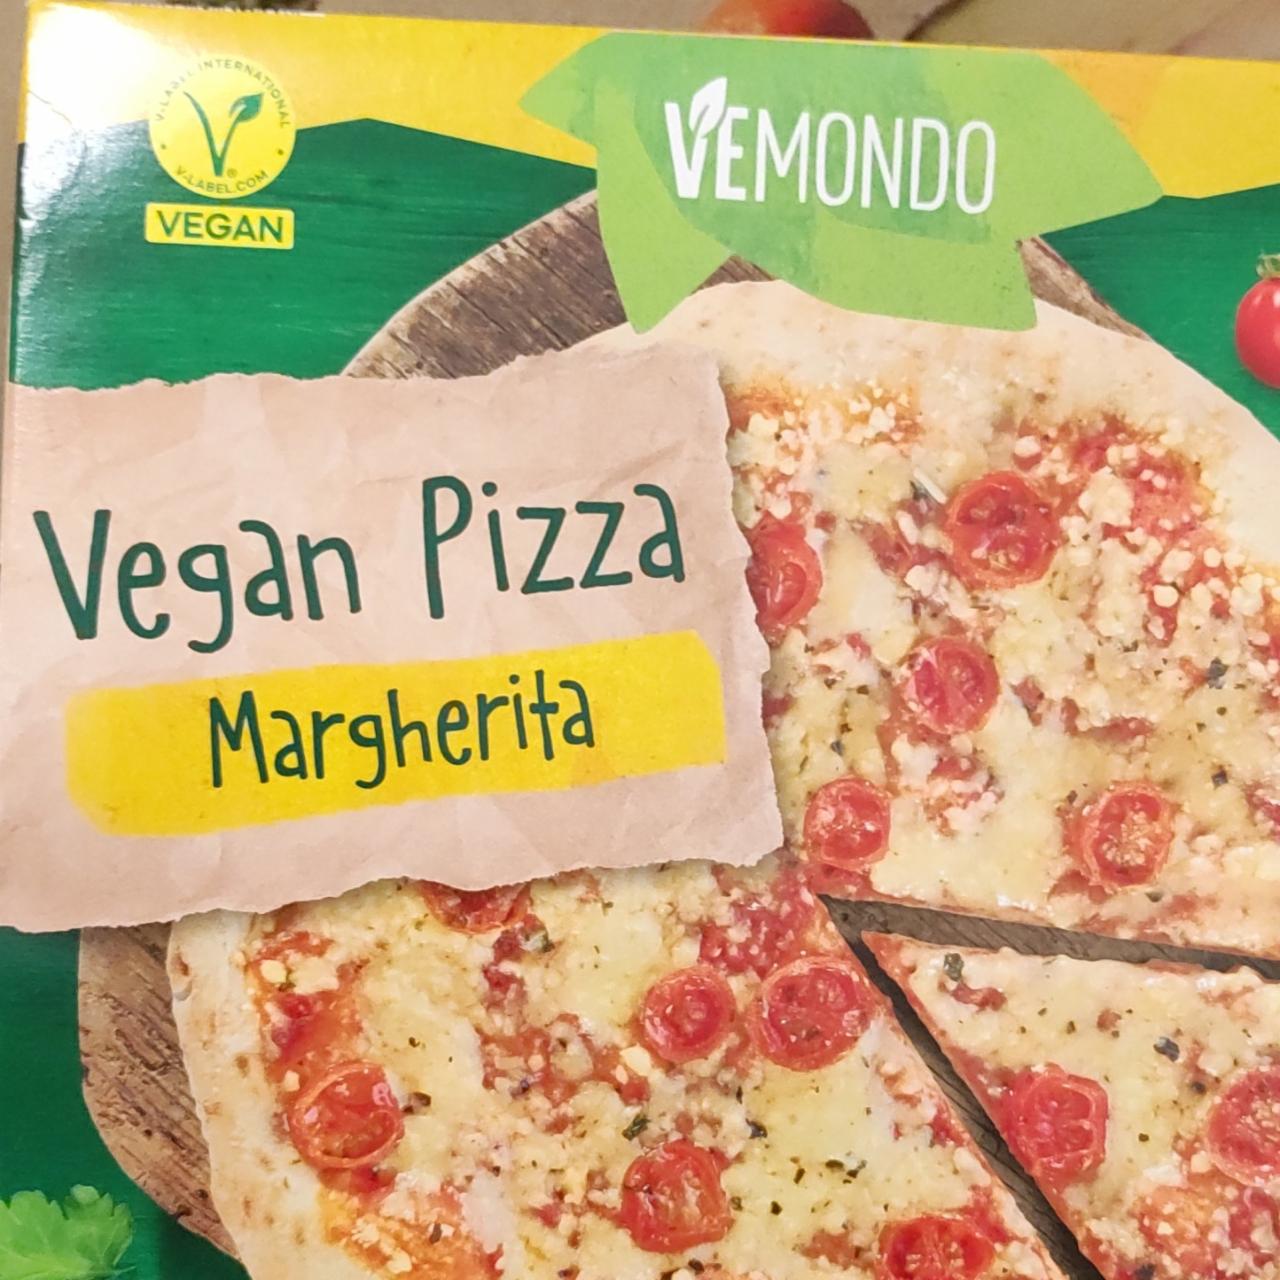 Fotografie - Vegan pizza Margherita Vemondo
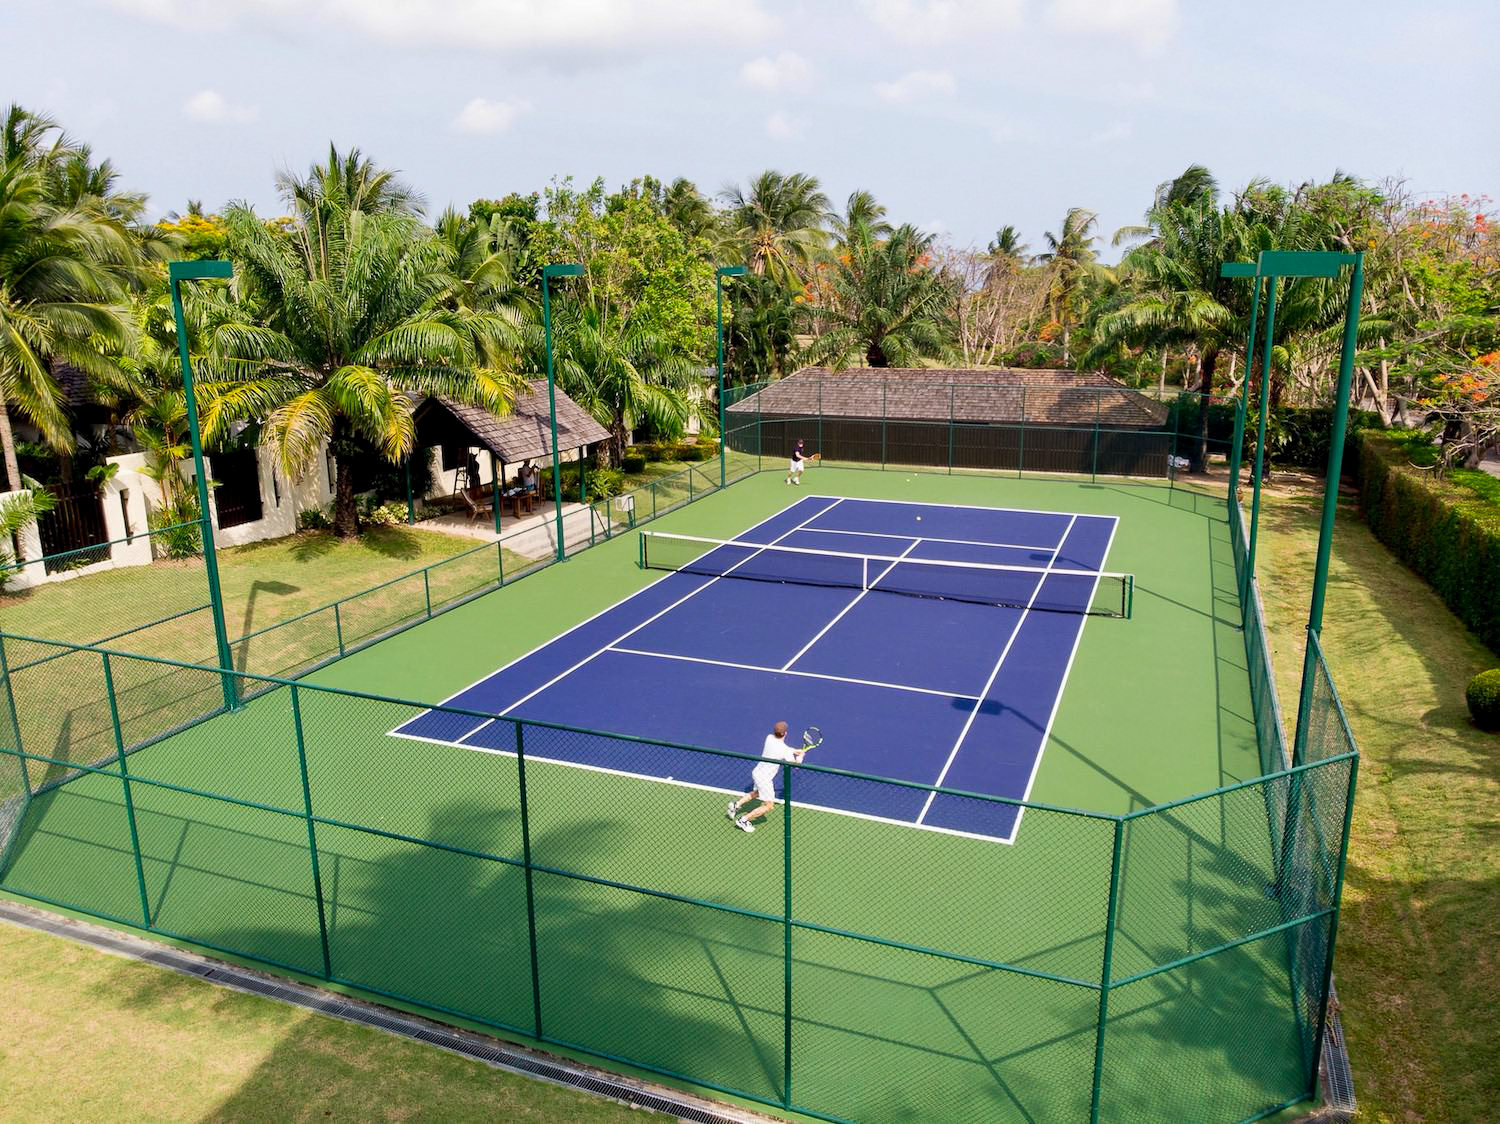 Activities2 - Tennis Court-2.jpg
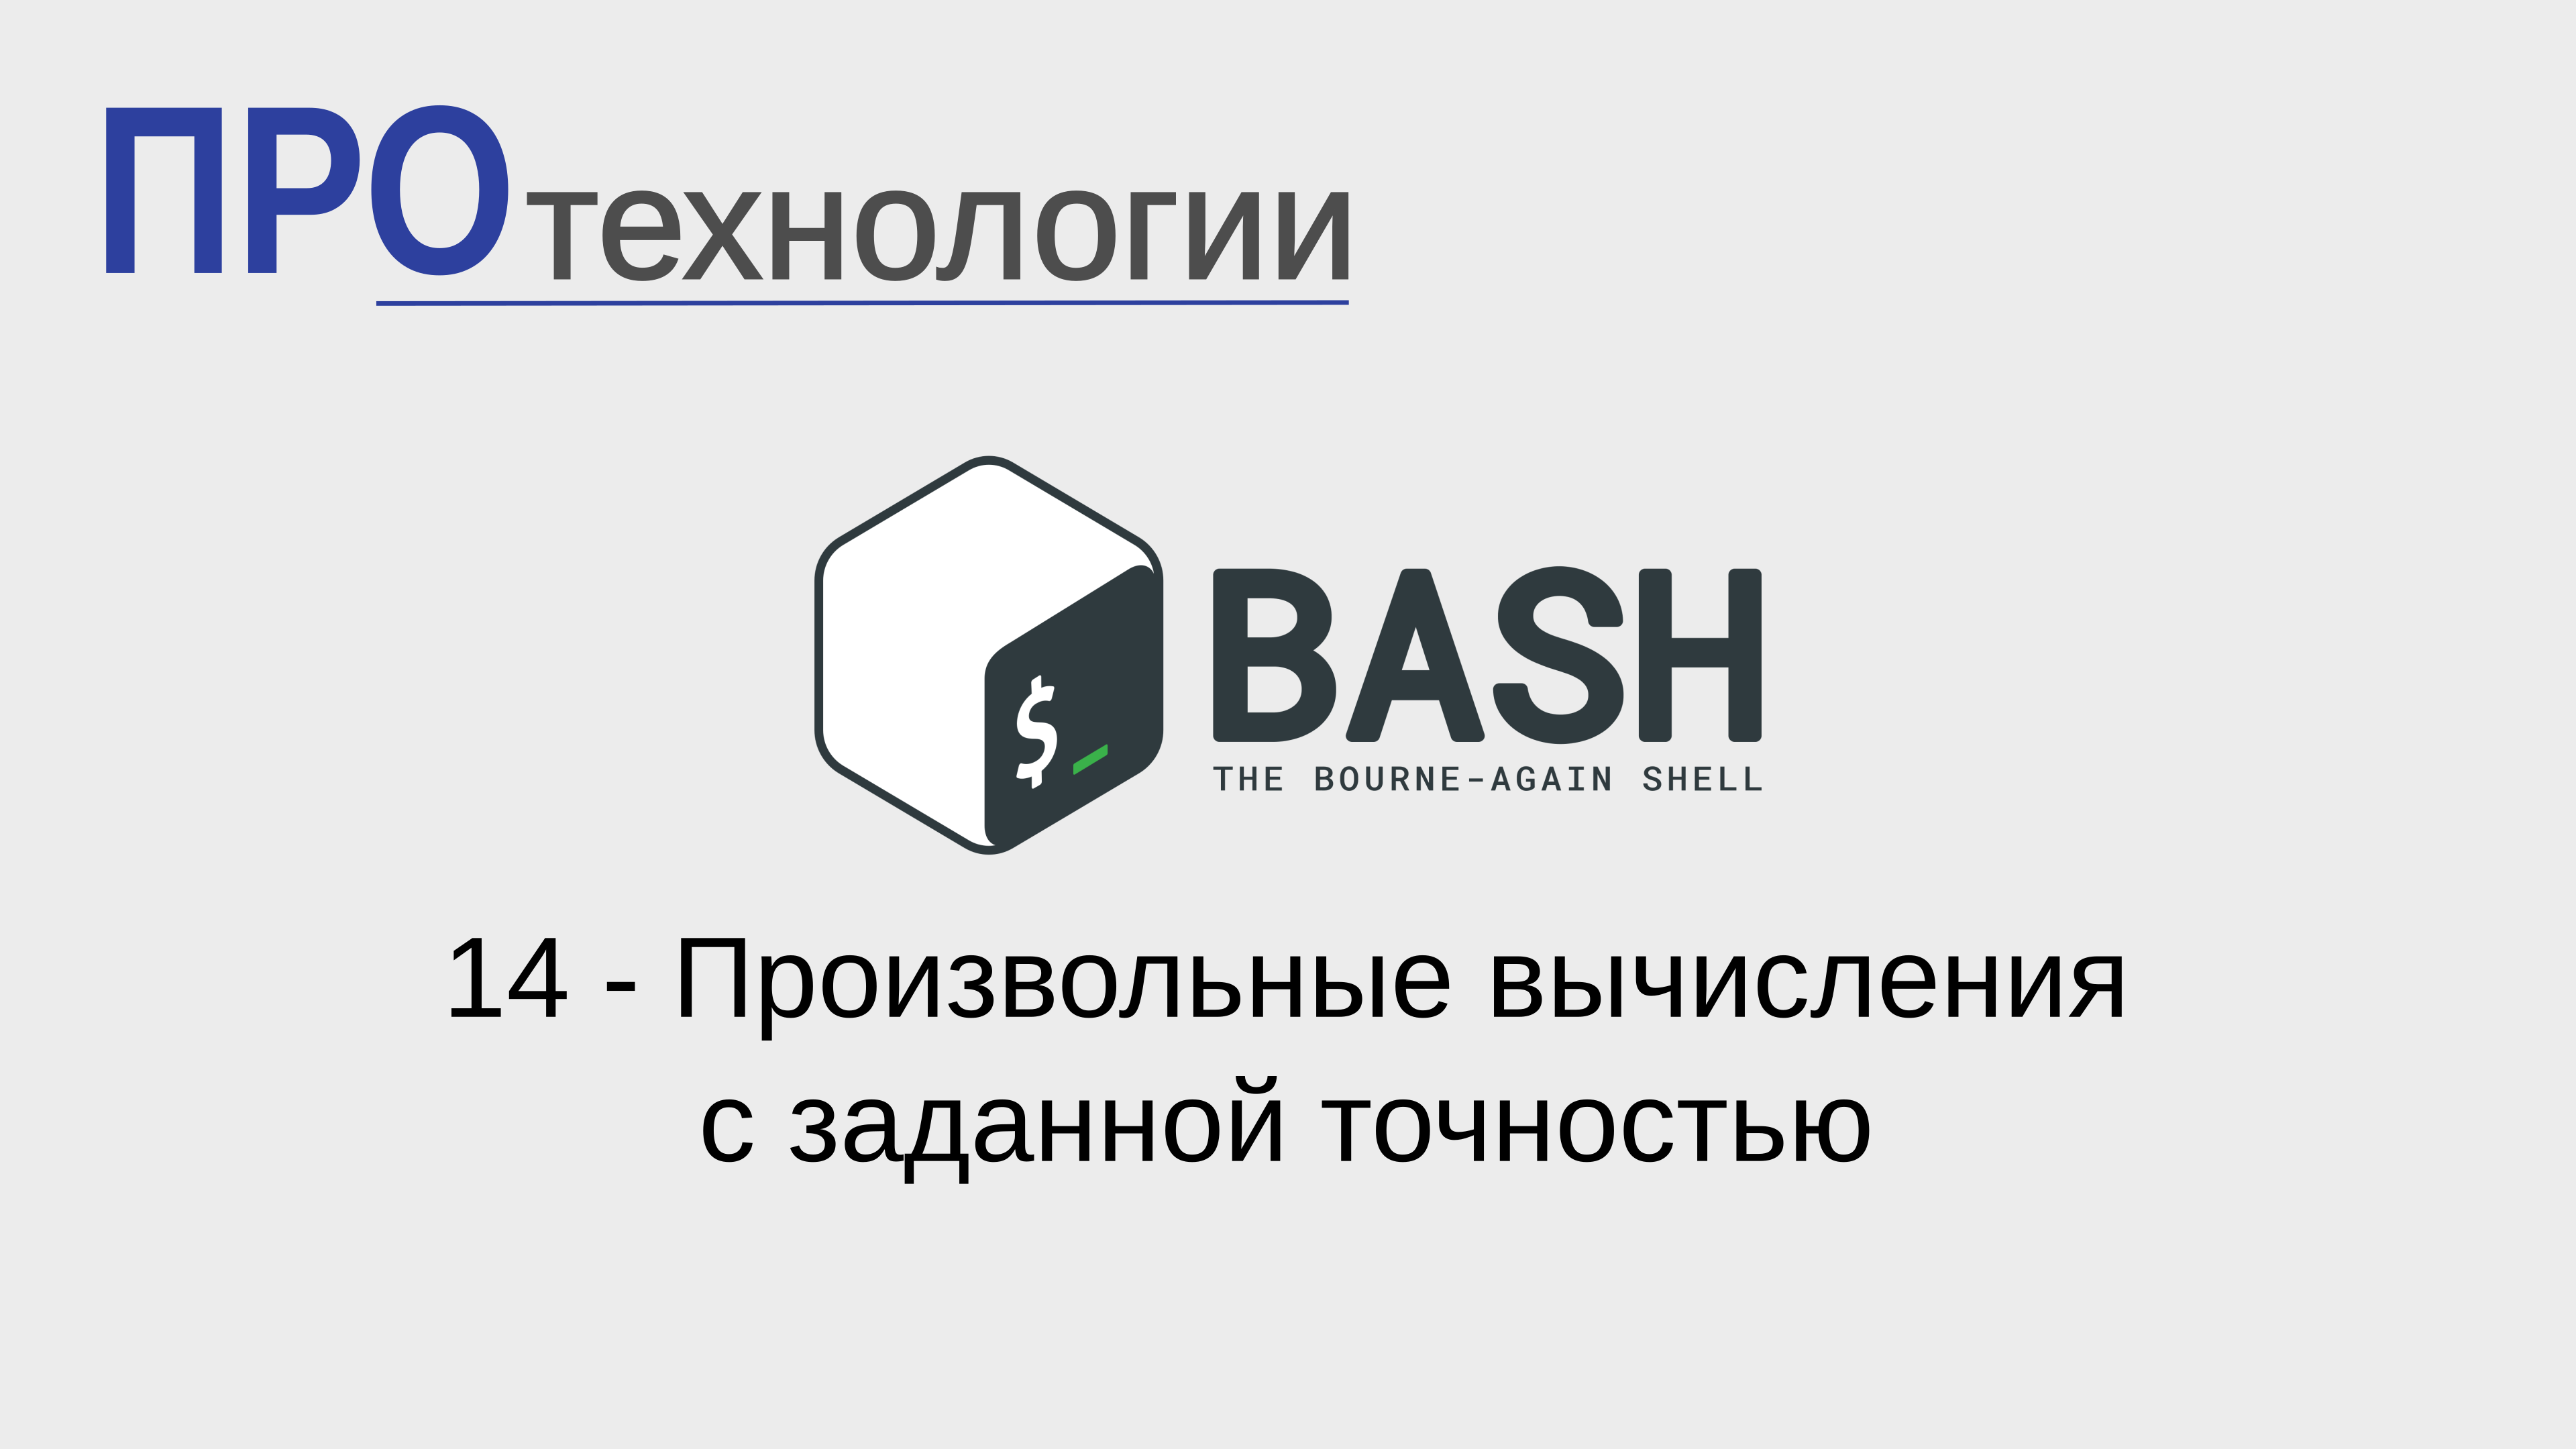 14 Bash - Произвольные вычисления с заданной точностью

WHAT YOU HAVE TO DO: Your copy should match the listing exactly, apart from the pictures it leaves out.

ANSWER:
 Fotografie - Vegan pizza Margherita Vemondo
 Activities2 - Tennis Court-2.jpg
 14 Bash - Произвольные вычисления с заданной точностью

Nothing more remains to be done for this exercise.